厳しい数字が並ぶ中で、唯一の希望として輝きを放っているのが「ラグビーワールドカップ2019」の影響です。この国際的なビッグイベントの開催期間中、欧米豪(欧州・米国・オセアニア)からの宿泊客数は前年比51.6%増の2万9980人を記録しました。いわゆる「インバウンド(訪日外国人旅行)」の質が、短期滞在型から長期滞在・高付加価値型へとシフトし始めている兆しが見て取れます。

ここで注目したいのが「延べ宿泊者数」という指標です。これは、特定の期間に宿泊施設に泊まった人数の合計を指し、観光消費額に直結する重要なバロメーターとなります。

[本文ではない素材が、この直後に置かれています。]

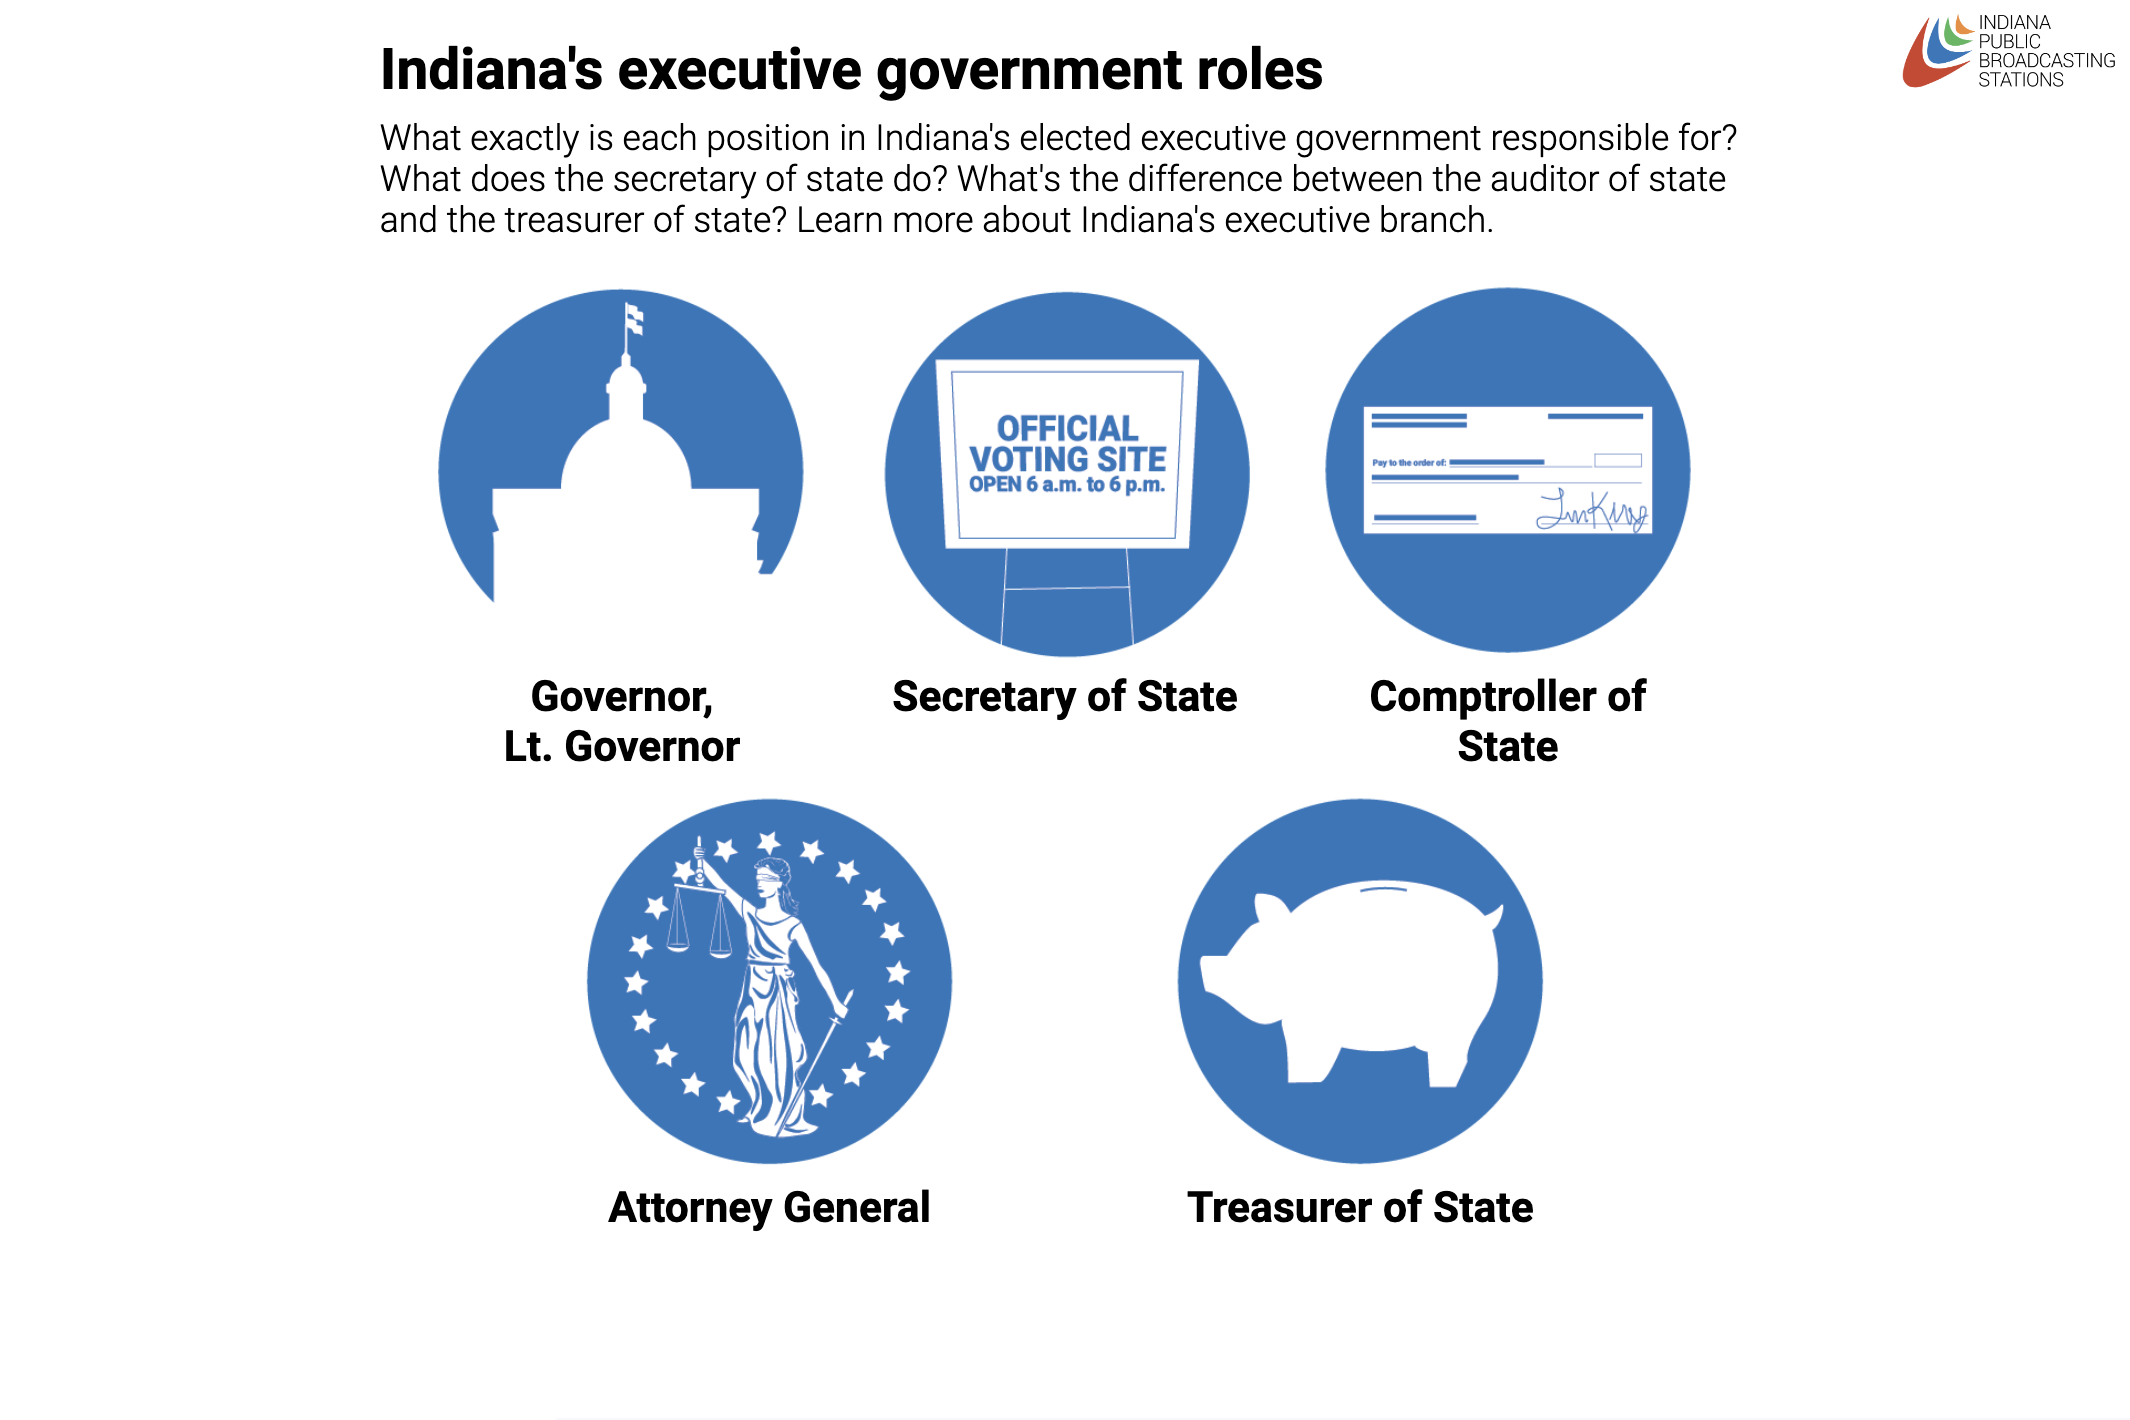 A preview of the graphic that lists all the elected executive positions in Indiana's government.
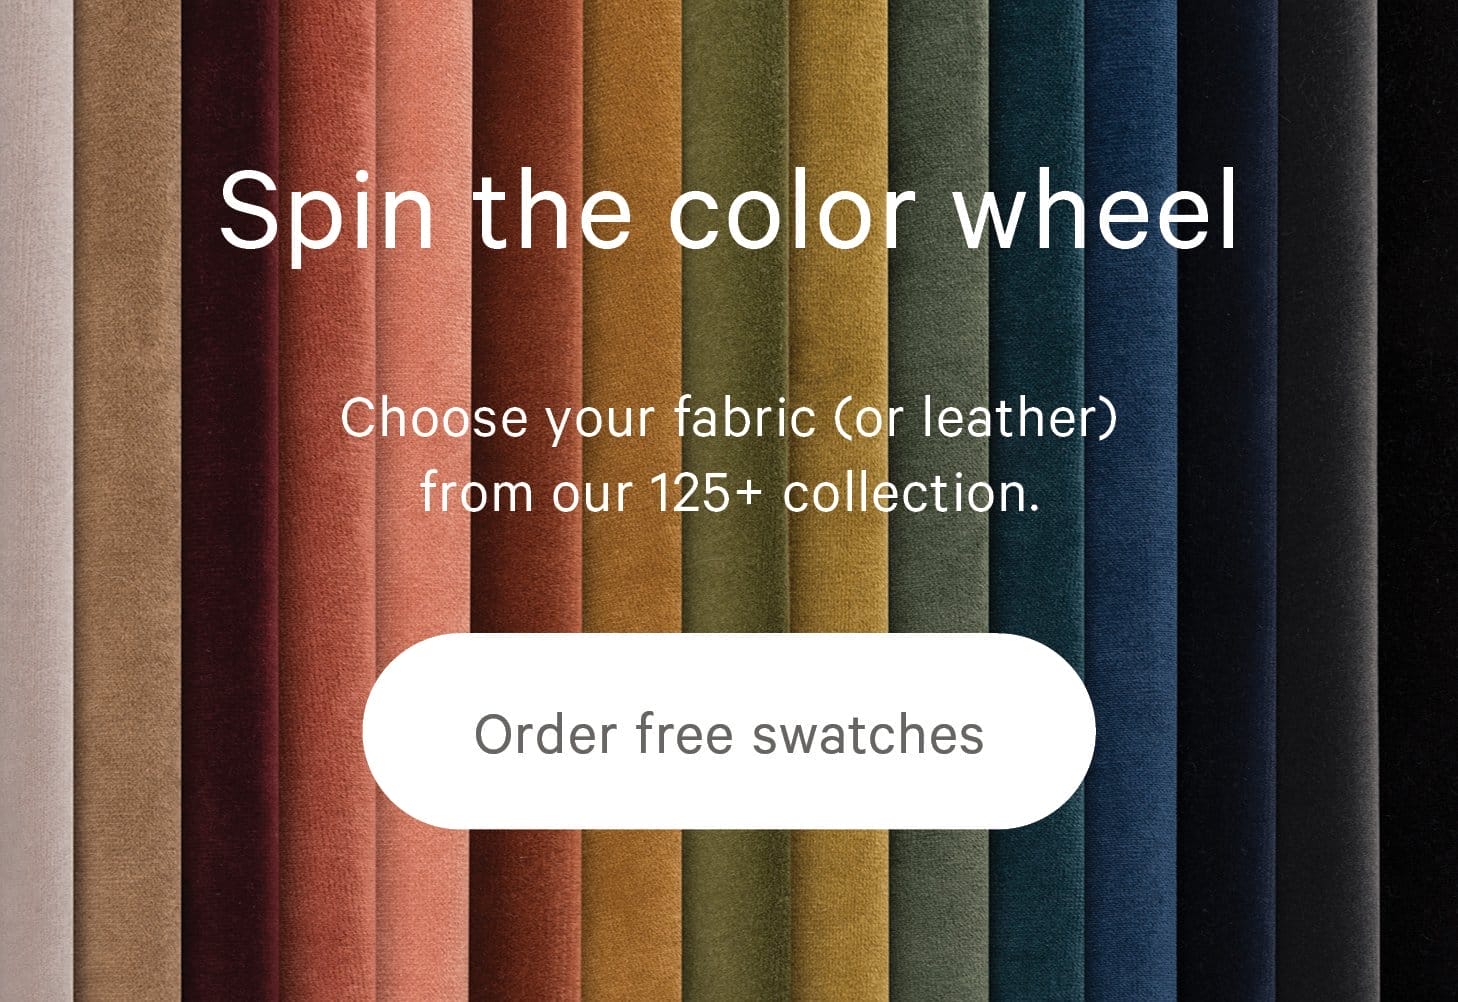 Choose your fabric (or leather) from our 125+ collection.

九州運輸局の調査によれば、従業員10人以上の施設における外国人延べ宿泊者数は27.5%減少していますが、ラグビーファンによる長期滞在が、一部の減少分を補う形となりました。

私は、今回の韓国客の激減は九州観光にとっての「産みの苦しみ」であると考えています。特定の隣国に過度に頼るモデルは、外交問題という自分たちでは制御不能なリスクに常に晒されています。今後は、ラグビーW杯で培った欧米豪へのアプローチを活かし、広域なプロモーションを展開していくべきでしょう。九州の豊かな自然や食文化は、世界中の人々を魅了するポテンシャルを十分に秘めているはずです。